Preliminary June Consumer Sentiment decreases to 82.7

by Calculated Risk on 6/14/2013 09:55:00 AM

Consumer Sentiment
Click on graph for larger image.

The preliminary Reuters / University of Michigan consumer sentiment index for June decreased to 82.7 from the May reading of 84.5.

This was below the consensus forecast of 84.5 and reverses some of the large increase last month. Sentiment has generally been improving following the recession - with plenty of ups and downs - and one big spike down when Congress threatened to "not pay the bills" in 2011.

Fed: Industrial Production unchanged in May

by Calculated Risk on 6/14/2013 09:15:00 AM

From the Fed: Industrial production and Capacity Utilization

Industrial production was unchanged in May after having decreased 0.4 percent in April. In May, manufacturing production rose 0.1 percent after falling in each of the previous two months, and the output at mines increased 0.7 percent. The gains in manufacturing and mining were offset by a decrease of 1.8 percent in the output of utilities. At 98.7 percent of its 2007 average, total industrial production in May was 1.6 percent above its year-earlier level. The rate of capacity utilization for total industry edged down 0.1 percentage point to 77.6 percent, a rate 0.2 percentage point below its level of a year earlier and 2.6 percentage points below its long-run (1972–2012) average.
emphasis added
Capacity Utilization Click on graph for larger image.

This graph shows Capacity Utilization. This series is up 10.7 percentage points from the record low set in June 2009 (the series starts in 1967).

Capacity utilization at 77.6% is still 2.6 percentage points below its average from 1972 to 2010 and below the pre-recession level of 80.8% in December 2007.

Note: y-axis doesn't start at zero to better show the change.

Industrial Production The second graph shows industrial production since 1967.

Industrial production was essentially unchanged in May at 98.7 . This is 17.8% above the recession low, but still 2.1% below the pre-recession peak.

The monthly change for both Industrial Production and Capacity Utilization were below expectations. The consensus was for a 0.2% increase in Industrial Production in April, and for Capacity Utilization to increases to 77.9%. Most of the weakness in industrial production was due to a sharp decline in the output of utilities.

Thursday, June 13, 2013

Friday: Industrial Production, PPI, Consumer Sentiment

by Calculated Risk on 6/13/2013 07:36:00 PM

From Victoria McGrane at the WSJ: Fed's Bond-Buying Wild Card: Inflation Expectations

"It is no longer clear that inflation expectations are so stable," Jan Hatzius, chief economist at Goldman Sachs Group Inc., said in an interview. Market-based measures of inflation expectations are now on "the low side of comfortable." In a note to clients June 10, he predicted that expectations of lower inflation are likely to make Fed officials less willing to pull back on the bond-buying programs out of fear it could destabilize those expectations about future inflation.
If there is a concern about inflation, it is that inflation is below the Fed's target (those predicting hyperinflation have consistently been wrong). With the unemployment rate at 7.6% and inflation falling, it is very unlikely the Fed will reduce their monthly asset purchases any time soon.

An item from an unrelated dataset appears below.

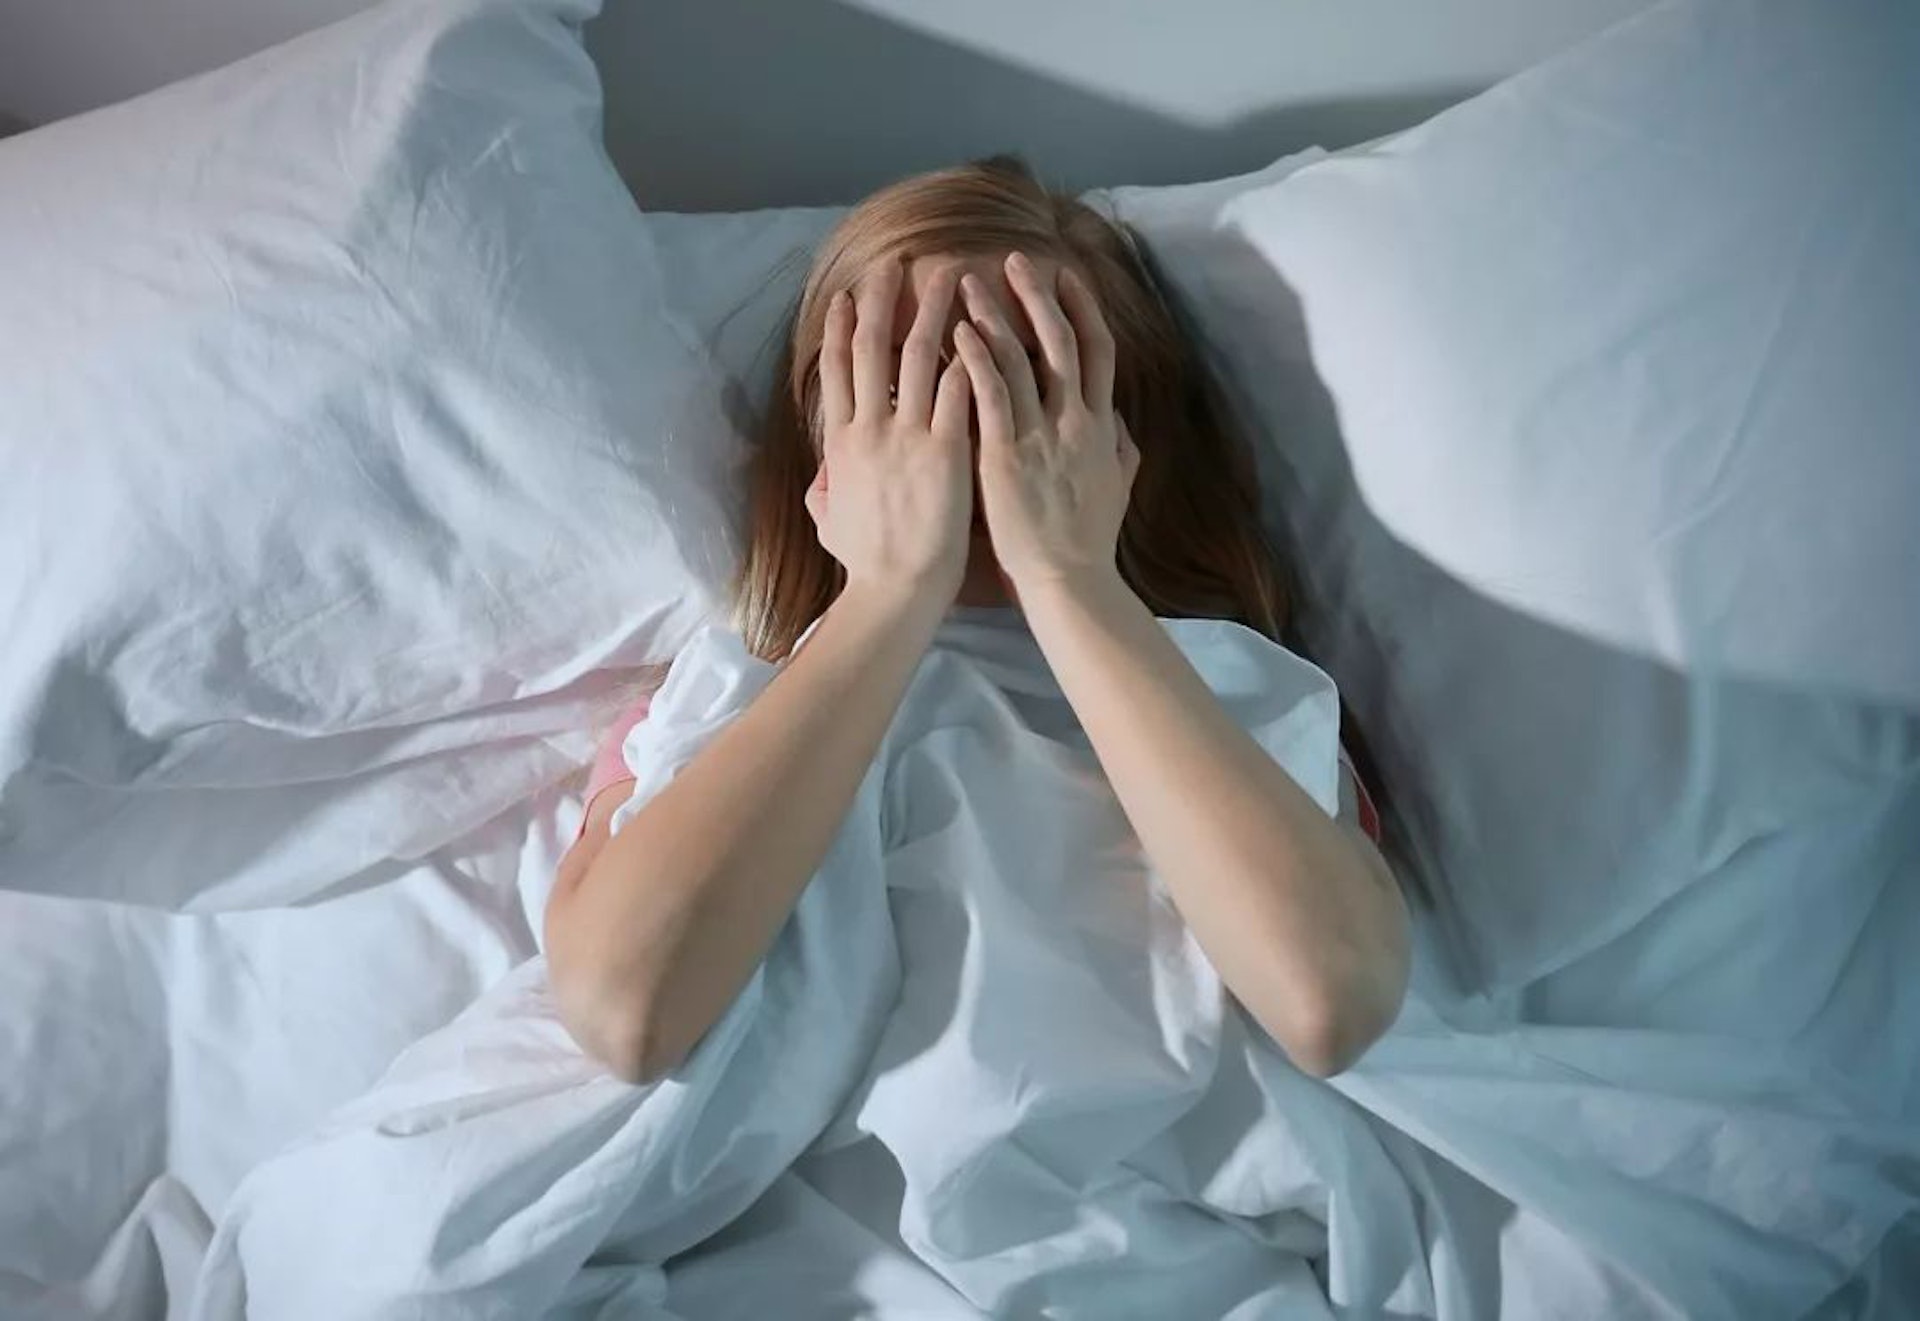 失眠症狀每週超過3次以上，導致白天生活作息及情緒受到影響，其影響時間超過3個月，便就構成臨床上的「失眠症」。（資料圖片）
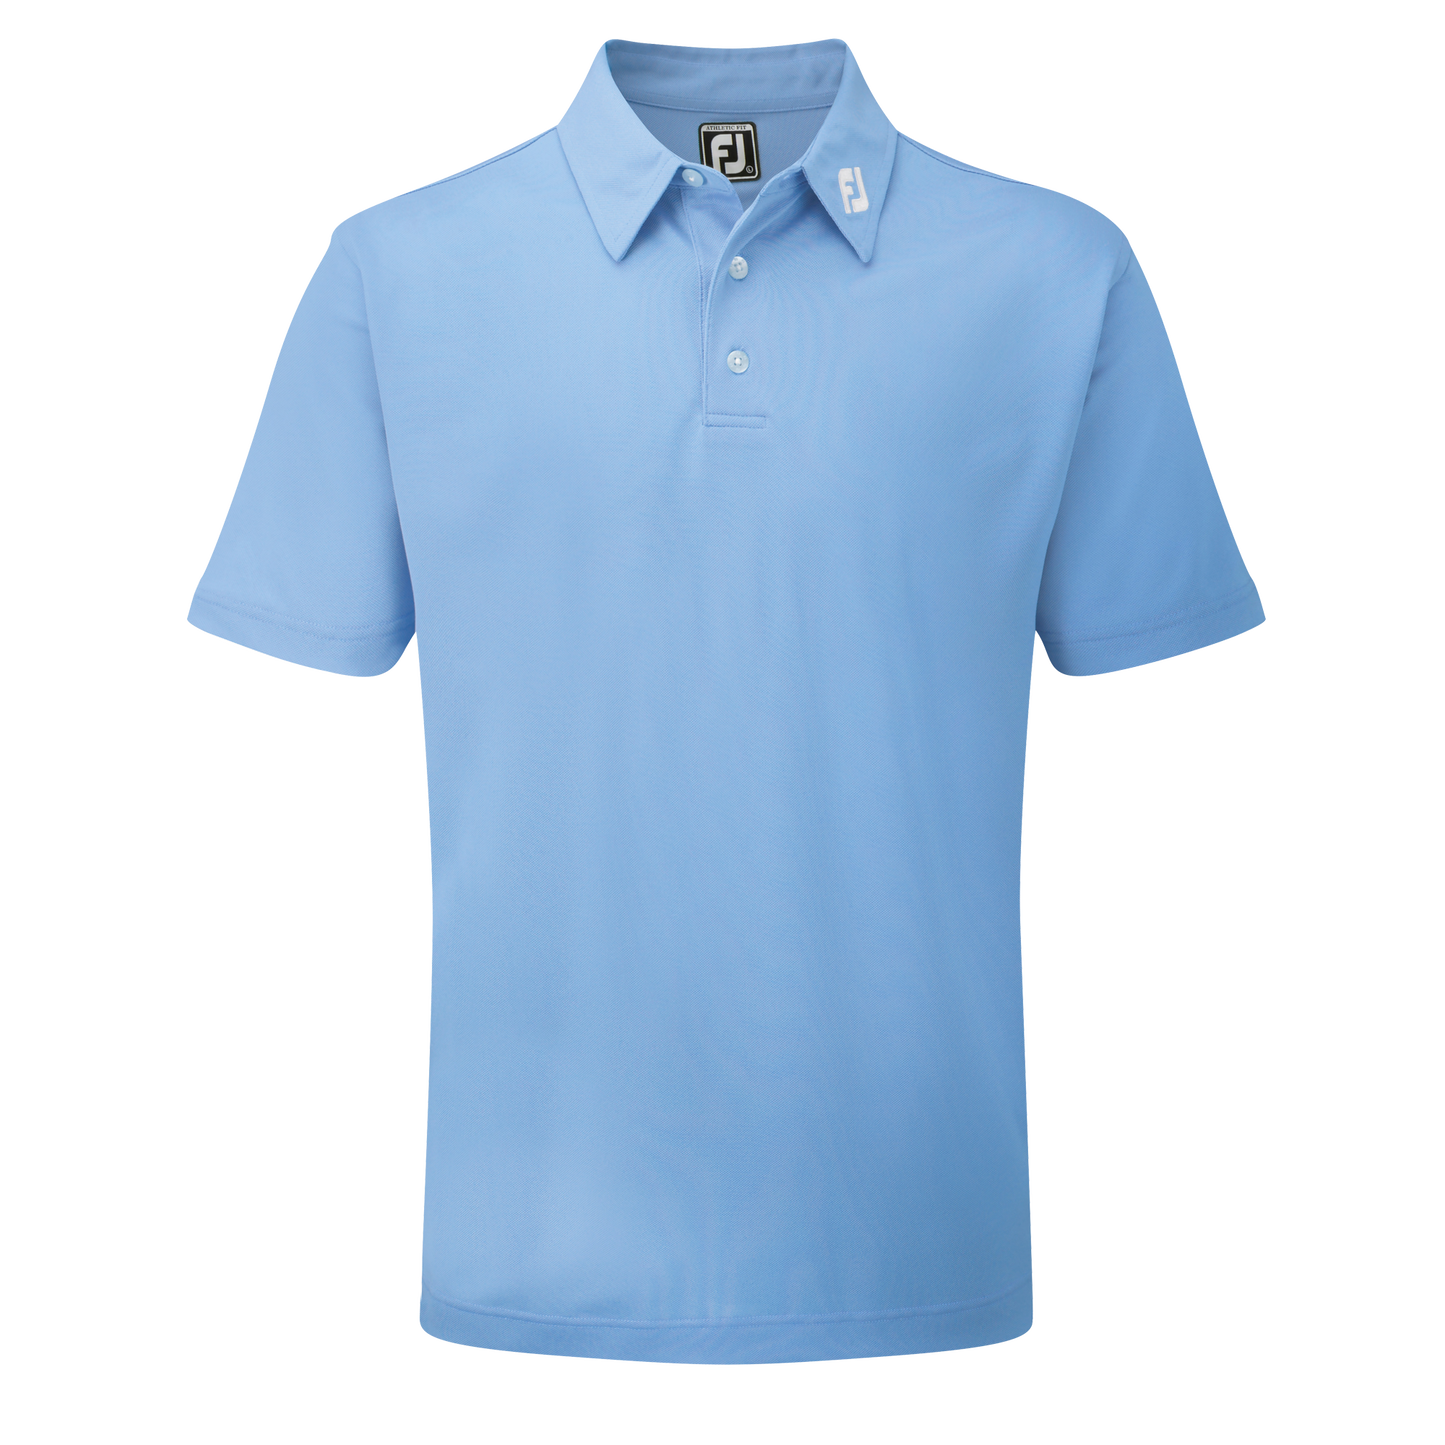 Footjoy Golf Stretch Pique Polo Shirt Light Blue S

Inflation Measures Click on graph for larger image.

This graph shows the year-over-year change for four key measures of inflation for April: median CPI, trimmed-mean CPI, core CPI and core PCE. On a year-over-year basis, the median CPI rose 2.1%, the trimmed-mean CPI rose 1.6%, and the CPI less food and energy rose 1.7%. On the graph, Core PCE is for March - core PCE for April was at 1.1% year-over-year.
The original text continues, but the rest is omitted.